• [Data section]:
Segment Open
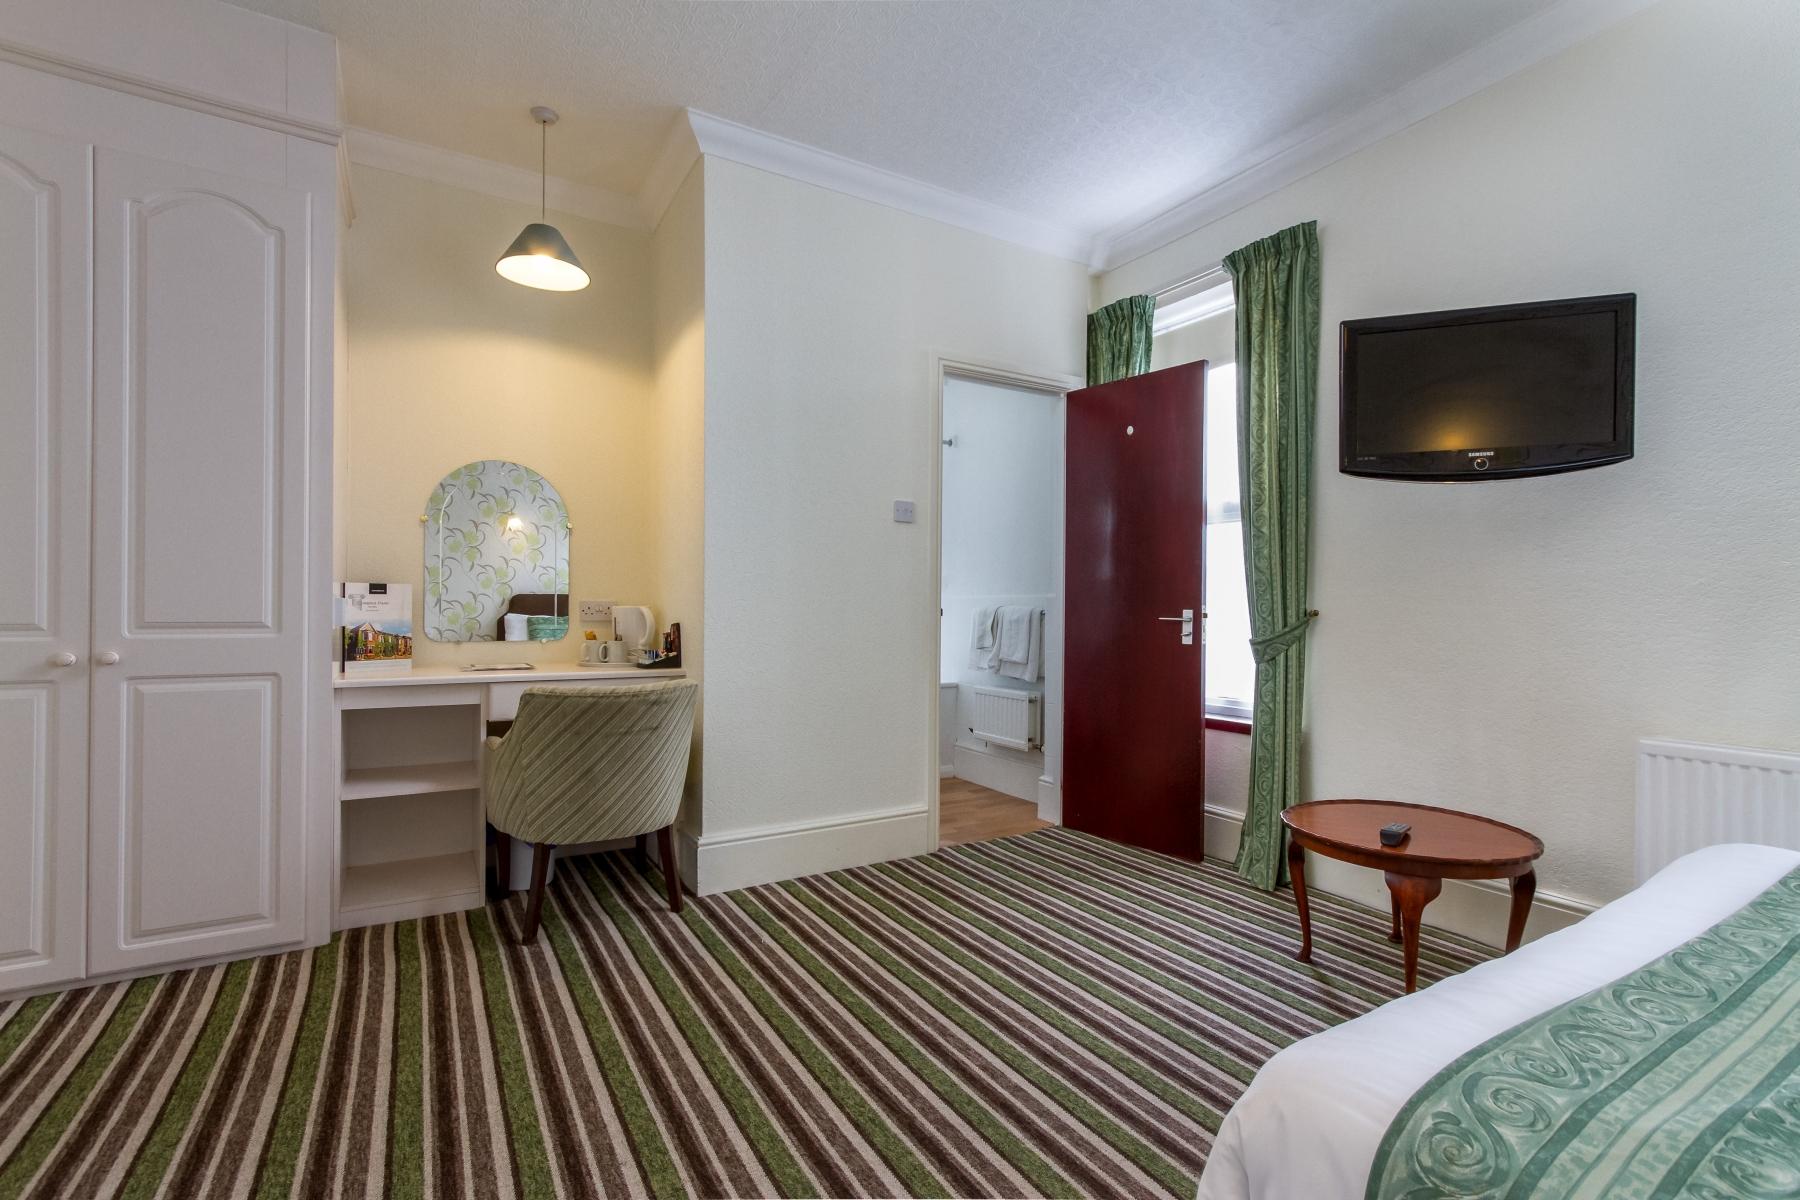 Cumbria-Park-Hotel-1842
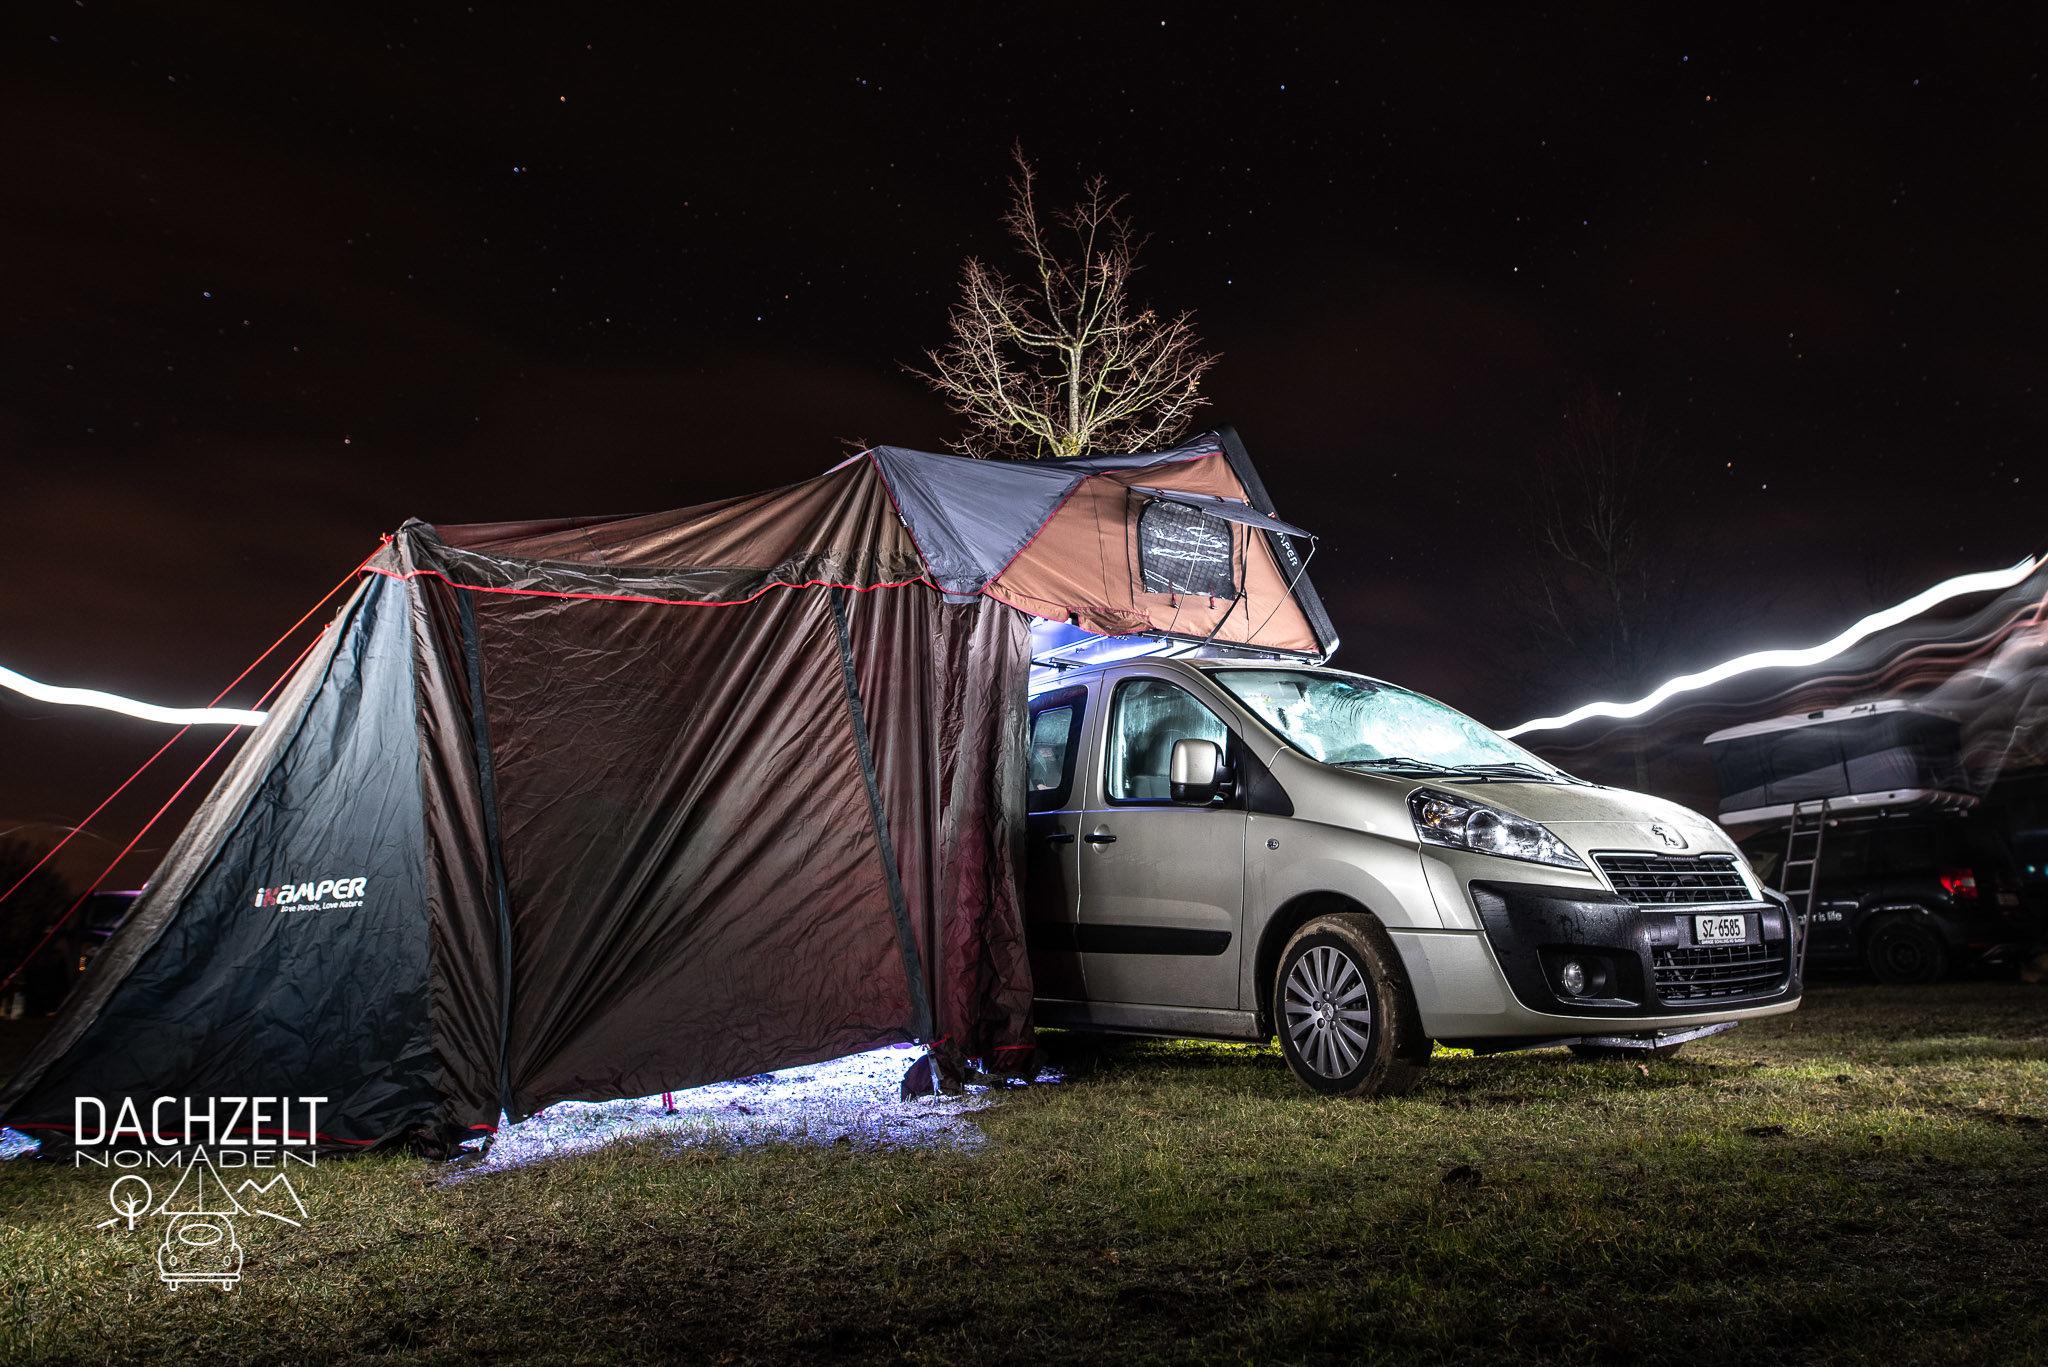 20191231-DACHZELT-SILVESTER-CAMP-Maik-Richter--351-Camp
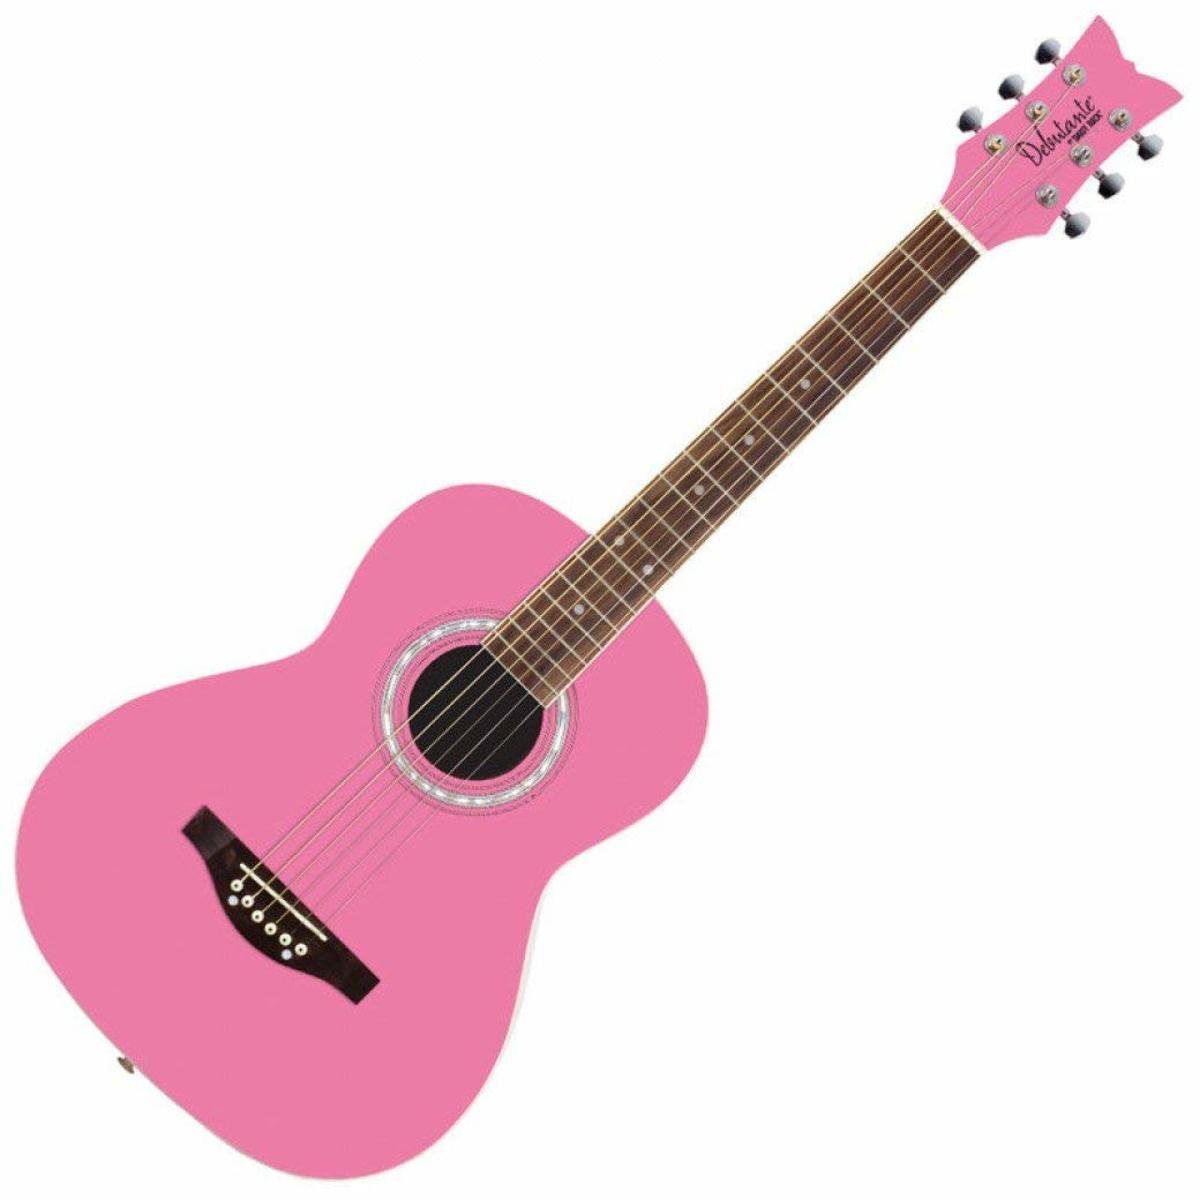 best beginner guitars for
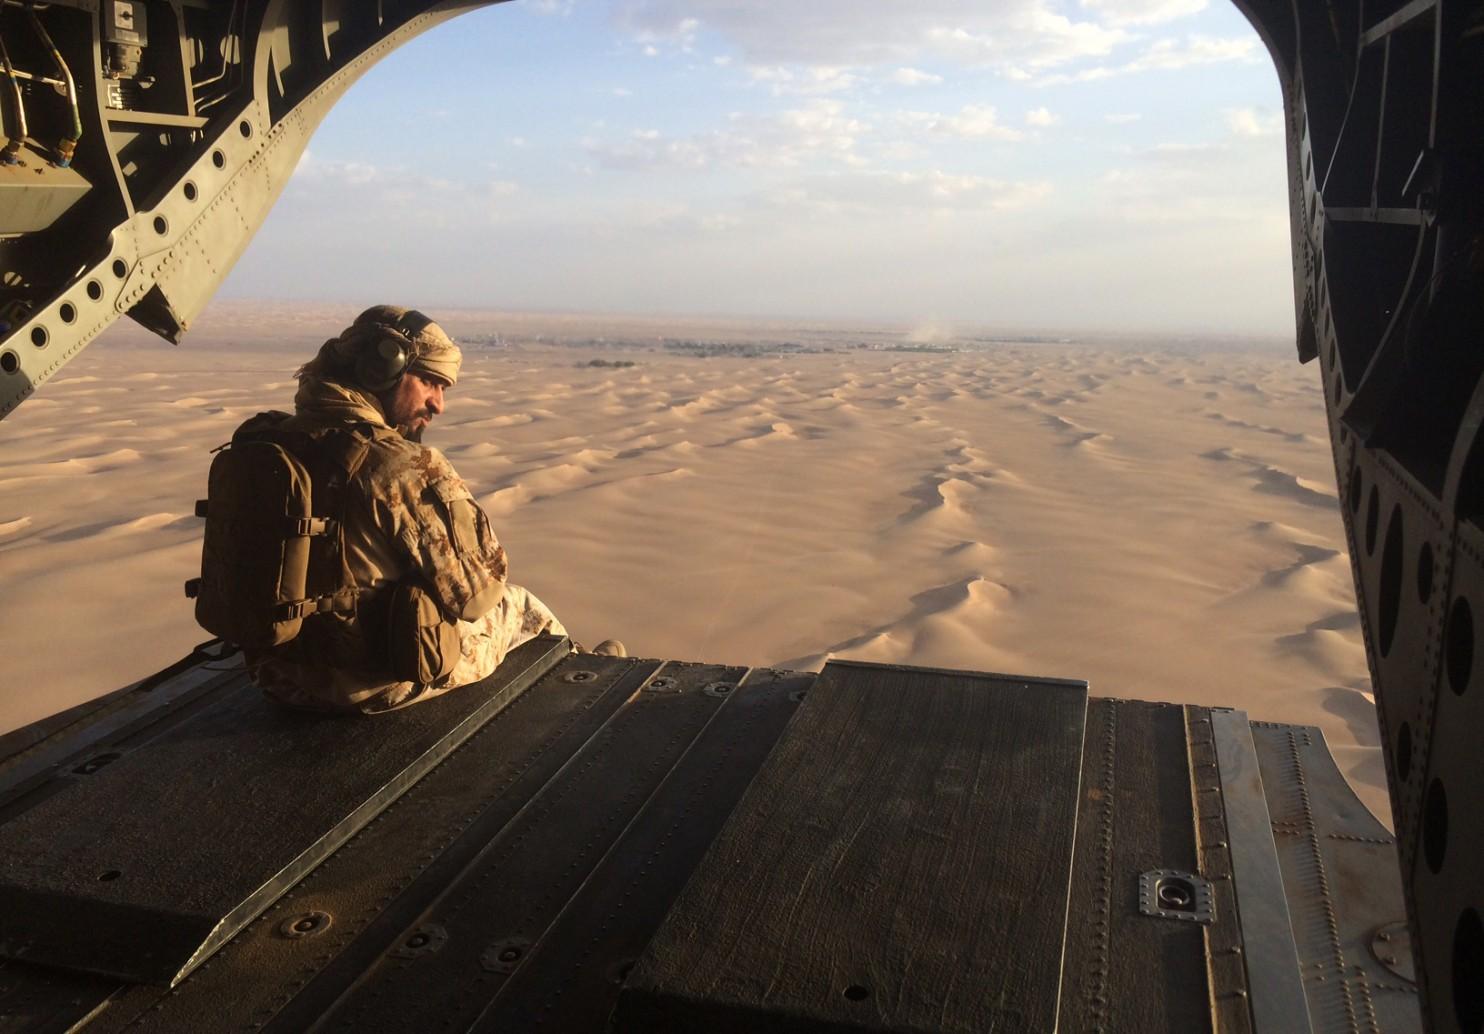 السجون السرية في اليمن.. تفتح العيون على طبيعة توسع الجيش الإماراتي في المنطقة
Segment Closed
• [Your goal]: Pictures are to be excluded; all other material must be transcribed exactly.

• [Final answer]:
 Cumbria-Park-Hotel-1842
 20191231-DACHZELT-SILVESTER-CAMP-Maik-Richter--351-Camp
 best beginner guitars for
 السجون السرية في اليمن.. تفتح العيون على طبيعة توسع الجيش الإماراتي في المنطقة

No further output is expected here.